● **TASK PROMPT**
Look through the listing below for the line containing "Robe Marquise Amoureux". Copy it and each line after it up to and including the line containing "8ec13b8ce Couple And", exactly, leaving out pictures.

● **SOURCE DATA**
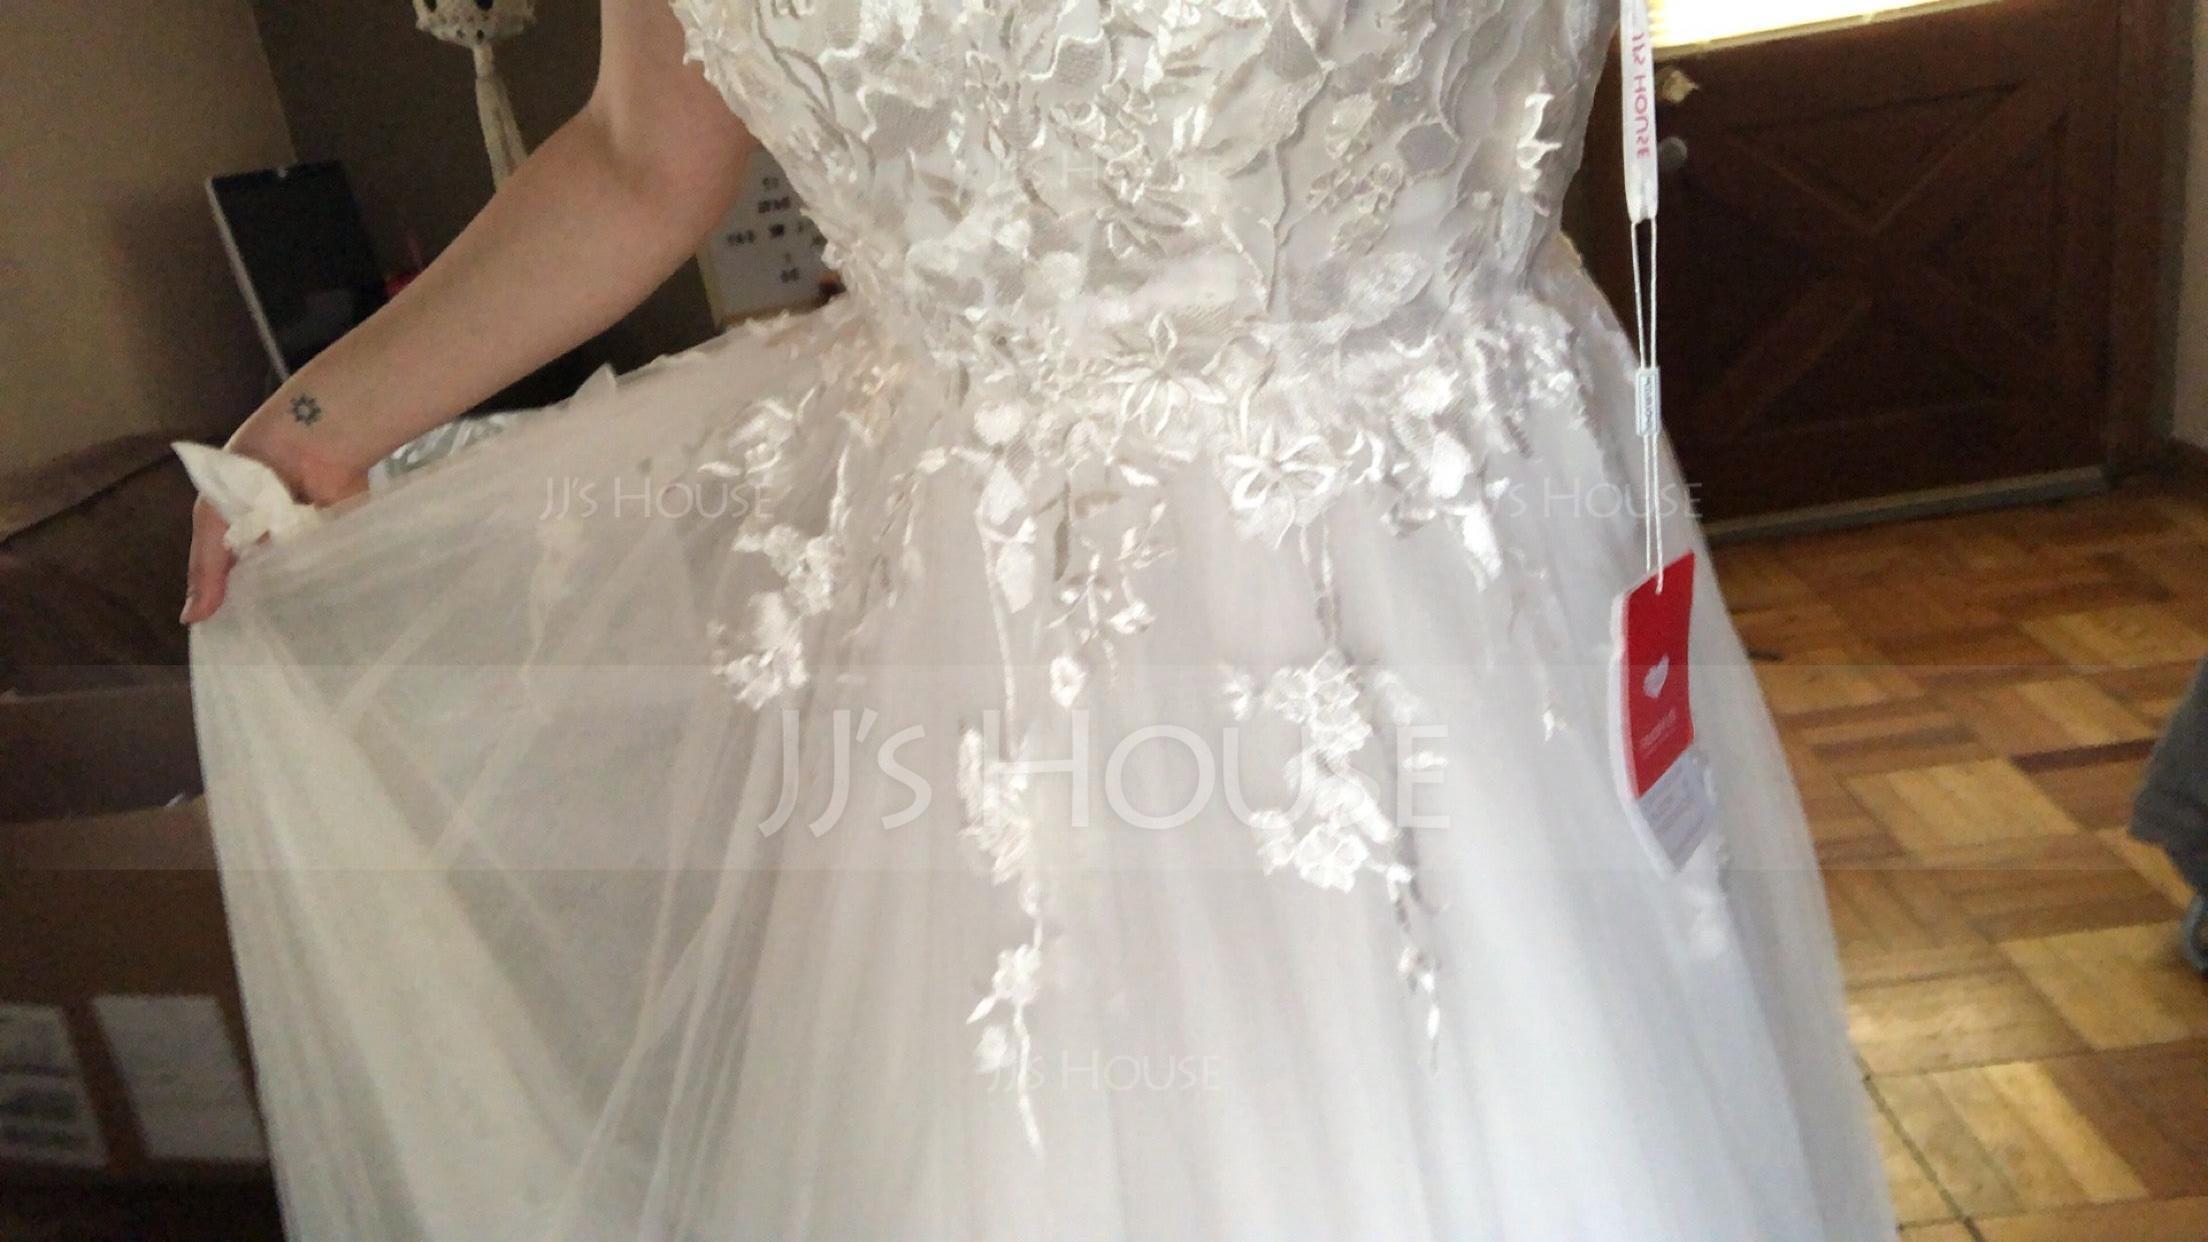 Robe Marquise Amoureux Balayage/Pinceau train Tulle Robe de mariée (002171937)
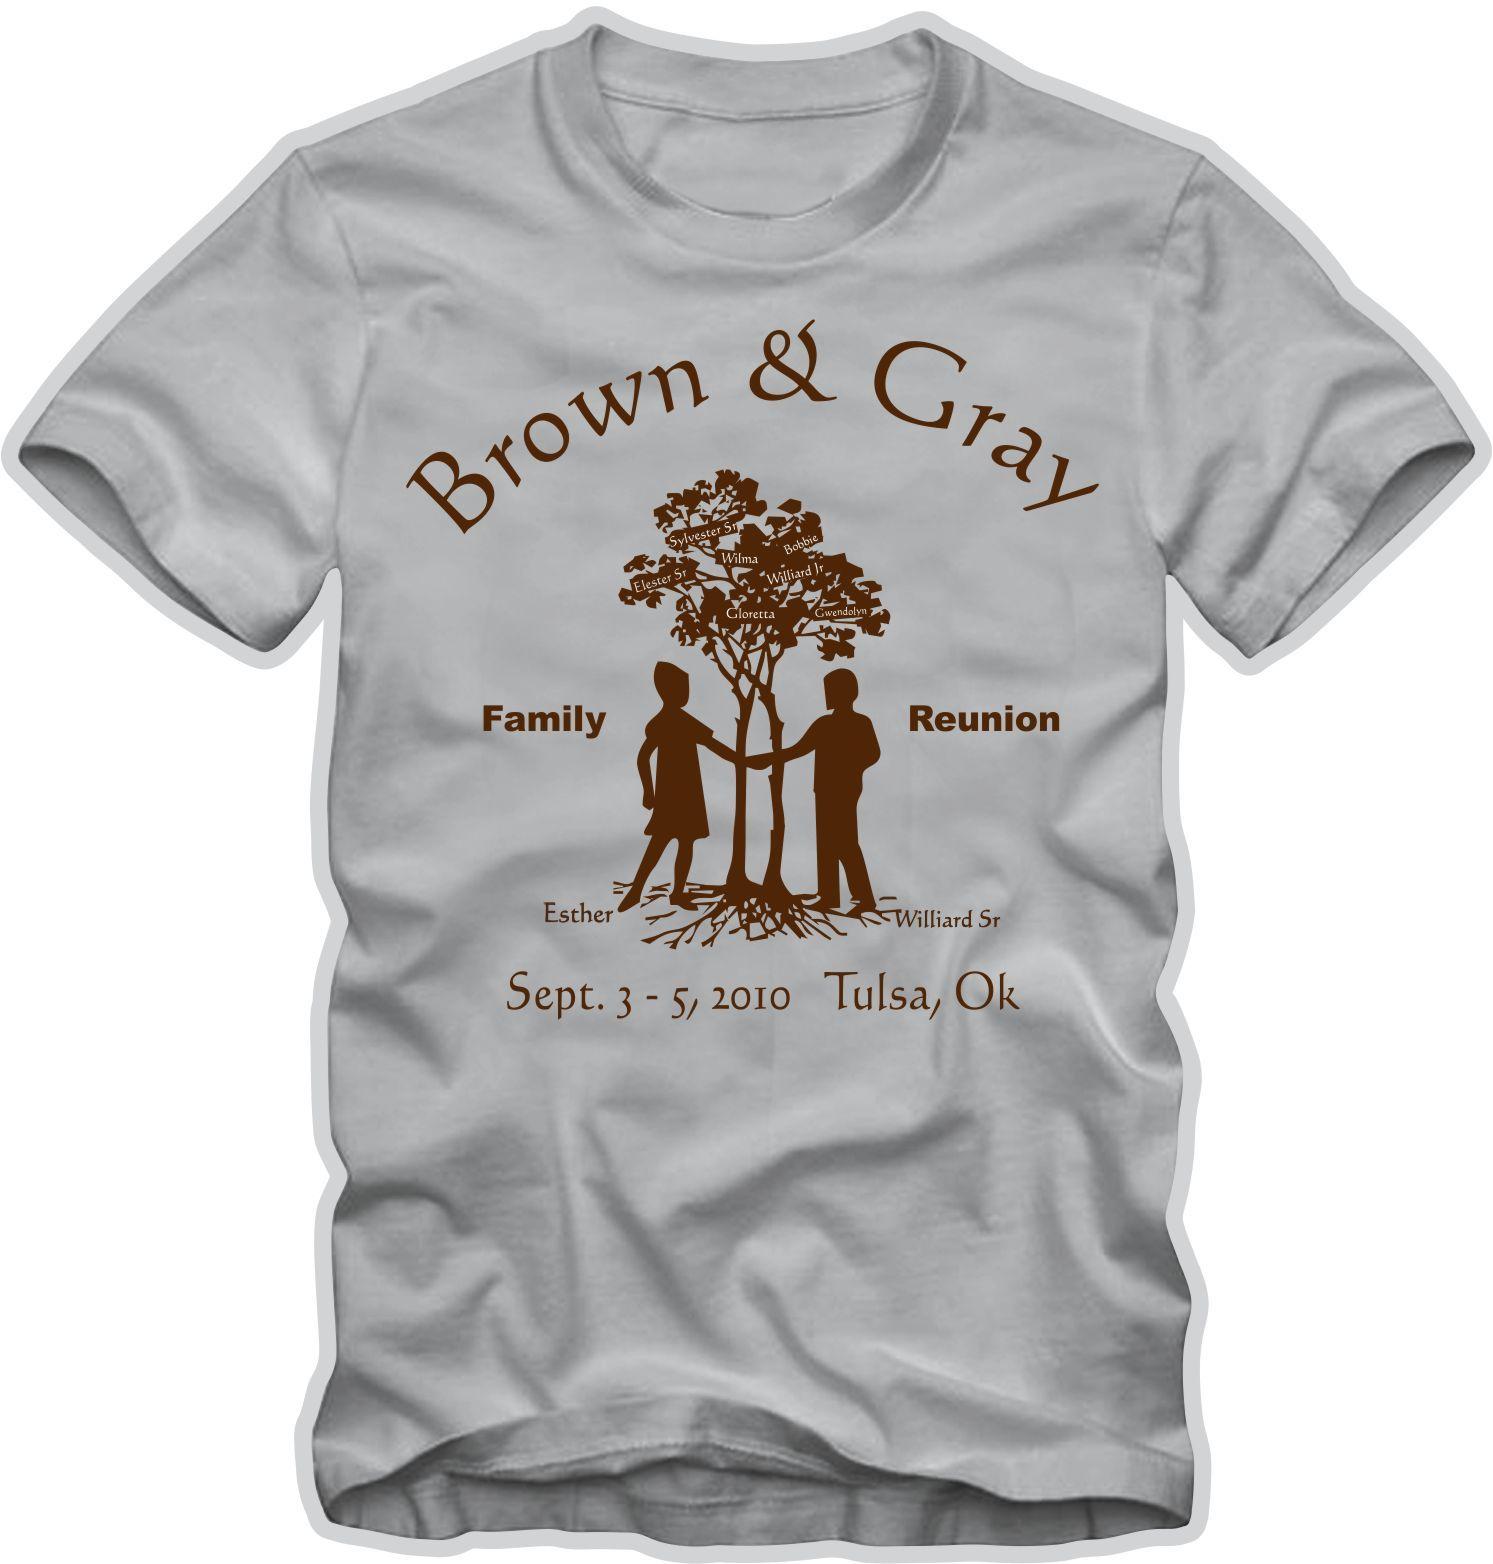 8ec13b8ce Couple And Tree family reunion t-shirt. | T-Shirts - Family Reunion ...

* * *

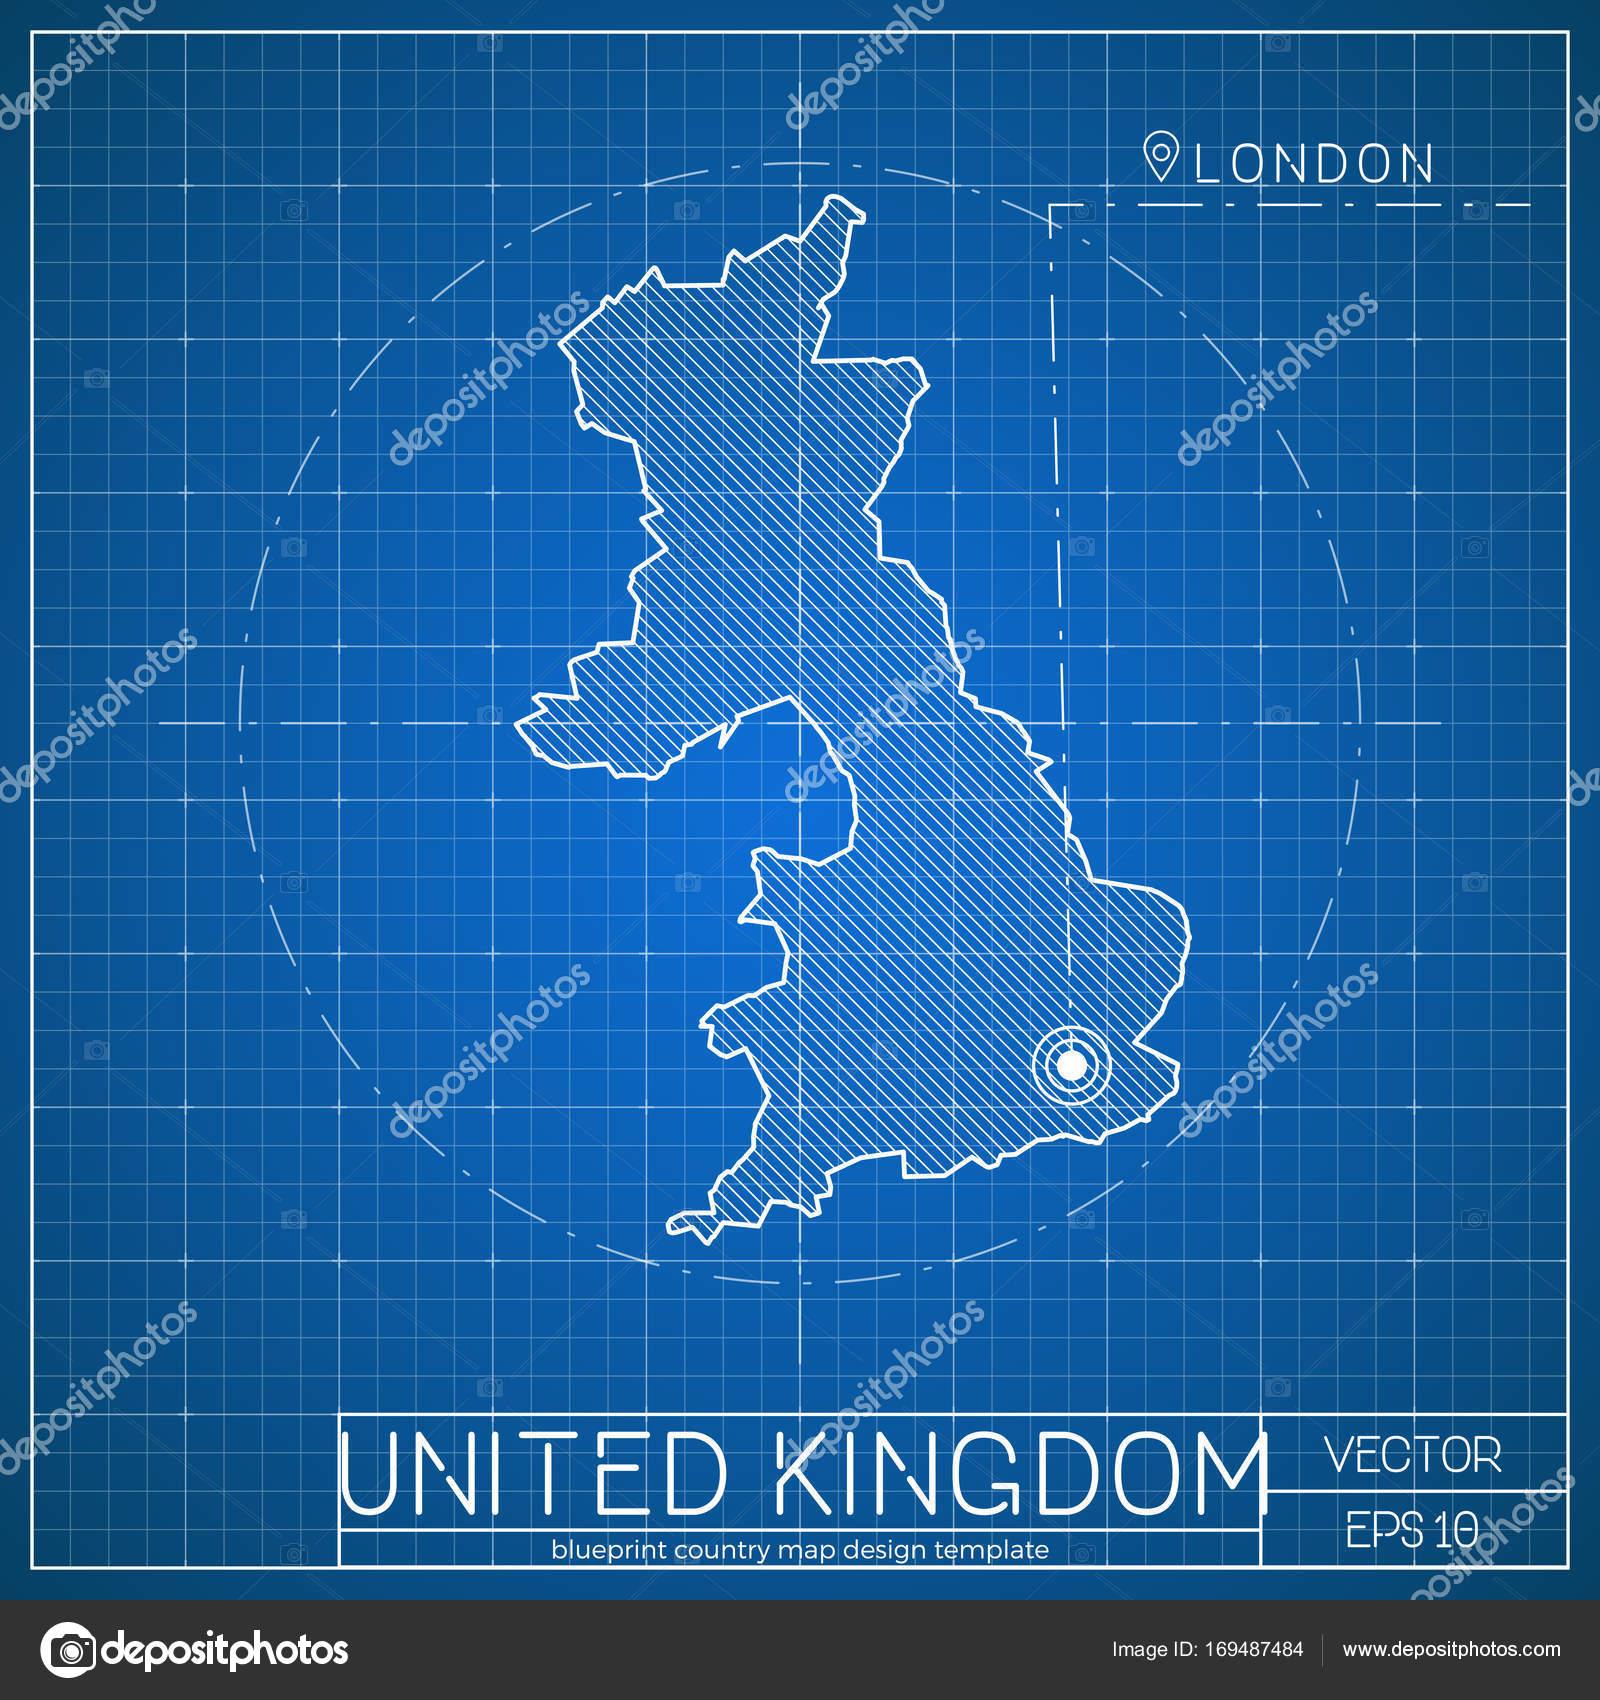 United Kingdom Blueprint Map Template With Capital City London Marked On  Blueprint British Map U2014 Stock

* * *

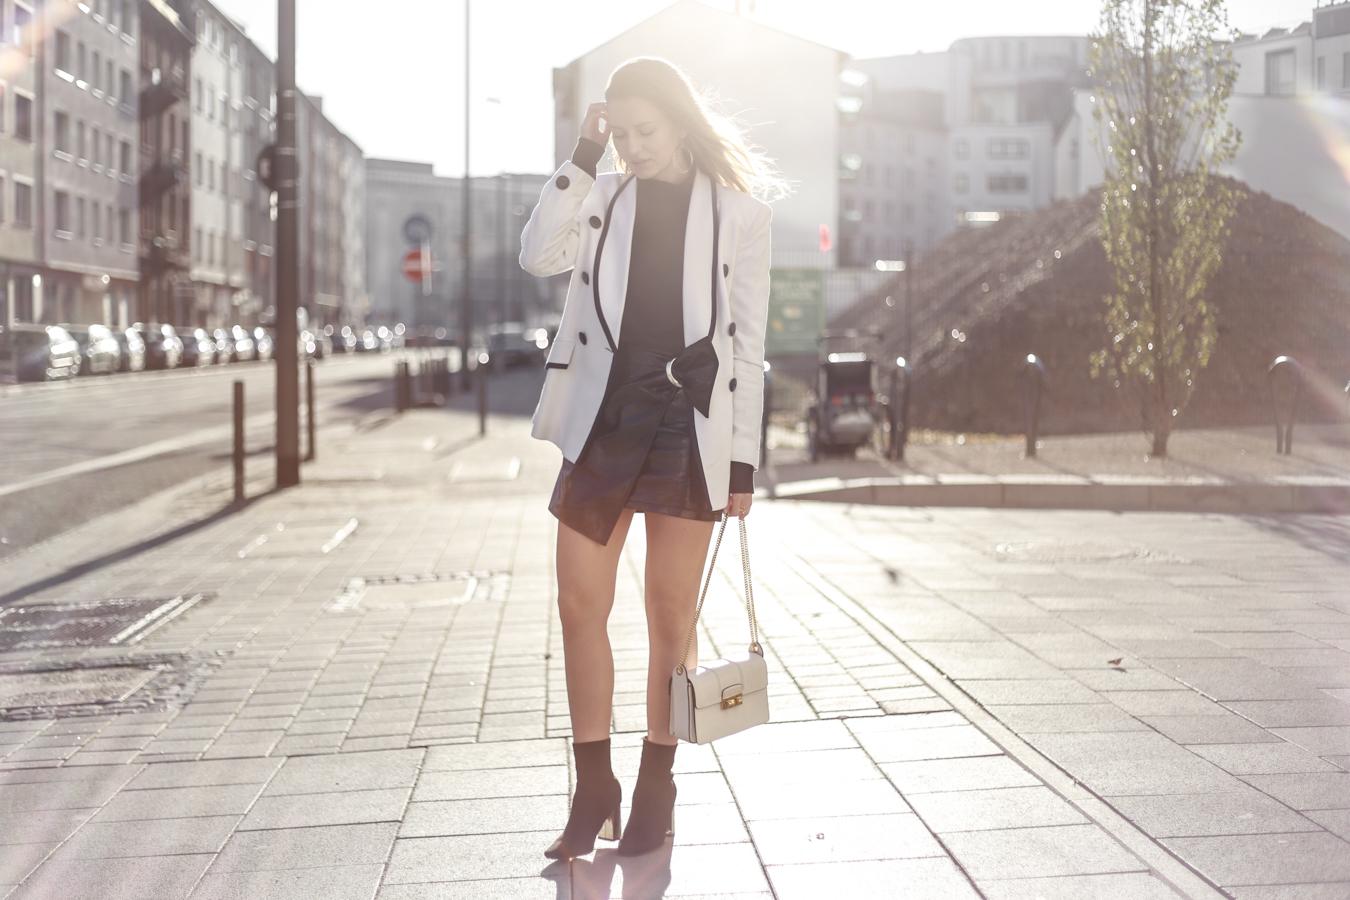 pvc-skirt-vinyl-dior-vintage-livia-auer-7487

● **EXPECTED OUTPUT**
 Robe Marquise Amoureux Balayage/Pinceau train Tulle Robe de mariée (002171937)
 8ec13b8ce Couple And Tree family reunion t-shirt. | T-Shirts - Family Reunion ...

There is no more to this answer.